If you're building an API that accepts payments, creates resources, or does anything with side effects, steal Stripe's approach. It's well-documented, widely understood, and battle-tested.

@Target(ElementType.METHOD)
@Retention(RetentionPolicy.RUNTIME)
public @interface Idempotent {
    long ttlMinutes() default 1440; // 24 hours
}

@Aspect
@Component
public class IdempotencyAspect {

    @Around("@annotation(idempotent)")
    public Object enforceIdempotency(ProceedingJoinPoint joinPoint, Idempotent idempotent) throws Throwable {
        String key = extractIdempotencyKey();
        if (key == null) {
            throw new BadRequestException("Idempotency-Key header required");
        }

        return idempotencyService.executeIdempotently(
            key,
            Duration.ofMinutes(idempotent.ttlMinutes()),
            () -> {
                try { return joinPoint.proceed(); }
                catch (Throwable t) { throw new RuntimeException(t); }
            }
        );
    }
}

The Bottom Line

In a distributed system, duplicate requests are not a possibility; they're a certainty. Design for them from the start, not as an afterthought when a customer reports they were charged three times.

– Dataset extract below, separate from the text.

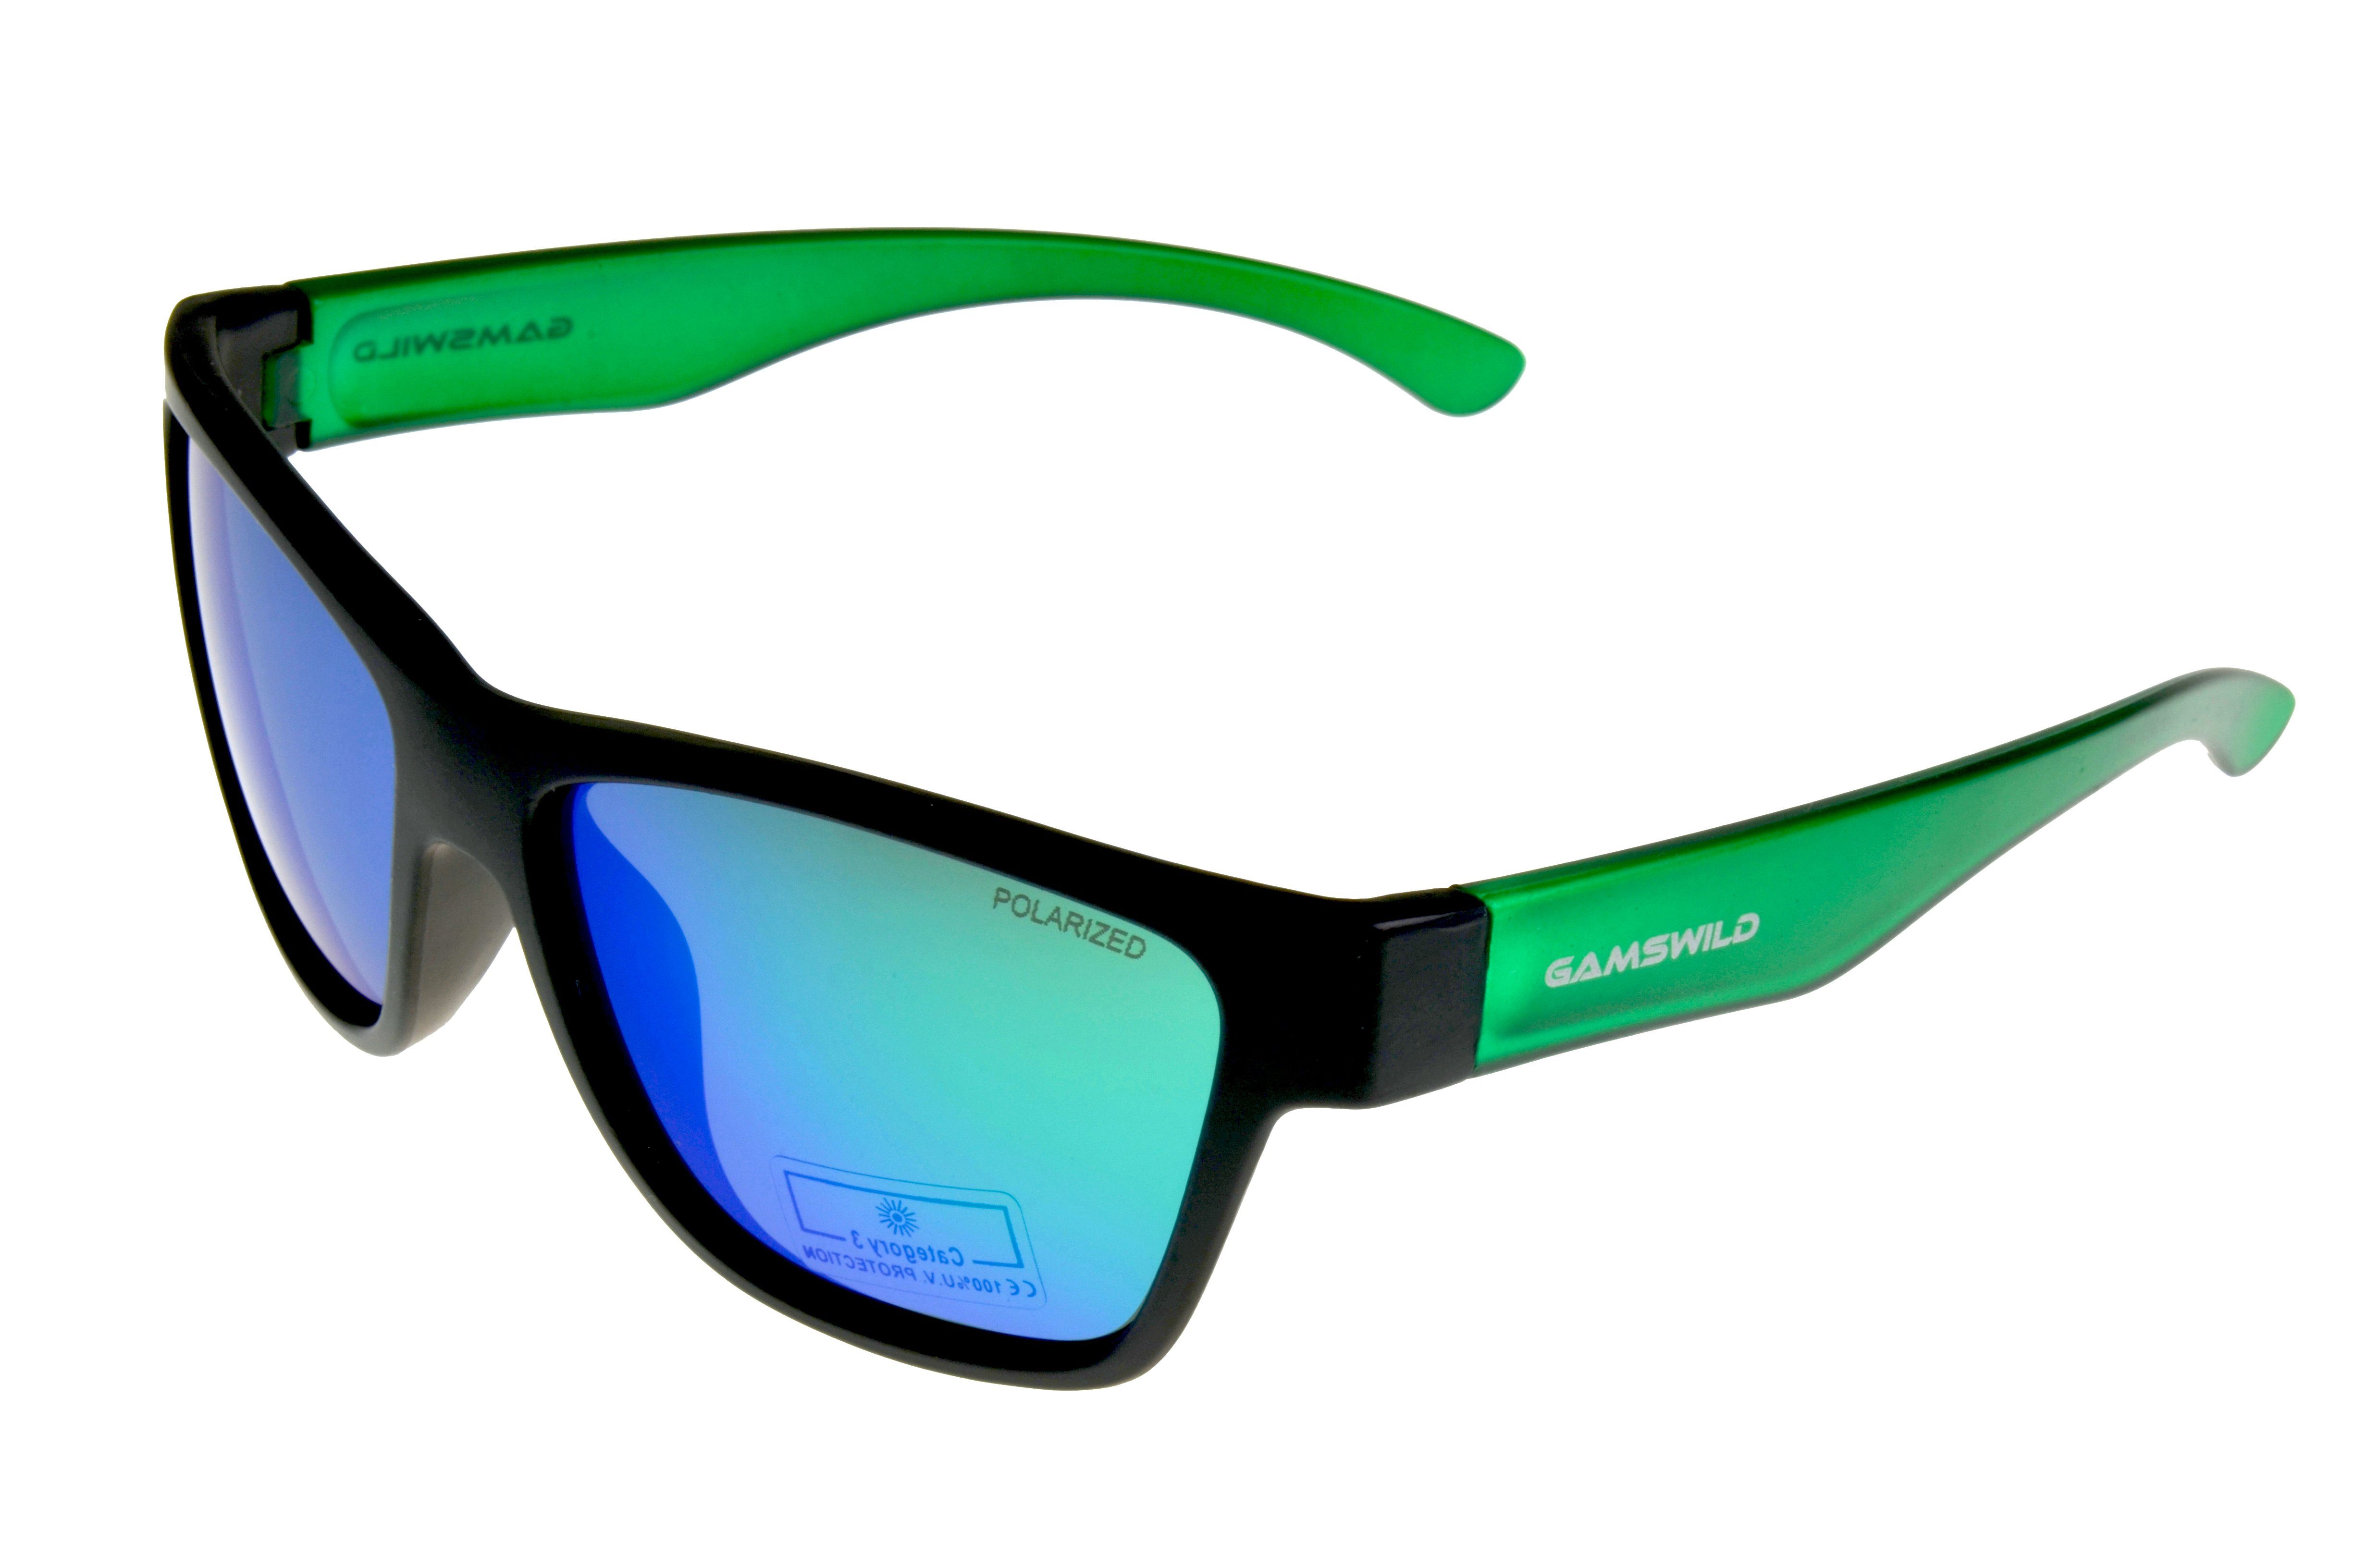 Gamswild Sonnenbrille WJ2118 GAMSKIDS Jugendbrille 8-18 rot, "polarisierte halbtransparenter Unisex grün, blau Rahmen Gläser" kids Jahre Kinderbrille NEU

Idempotency keys for APIs. Deduplication tables for message consumers. Natural idempotency where you can achieve it through design. And when in doubt, choose consistency over availability for operations with real-world consequences.

The extra code is boring. The extra table is boring. But "boring" beats "explaining to the finance team why 200 customers got double-charged" every single time.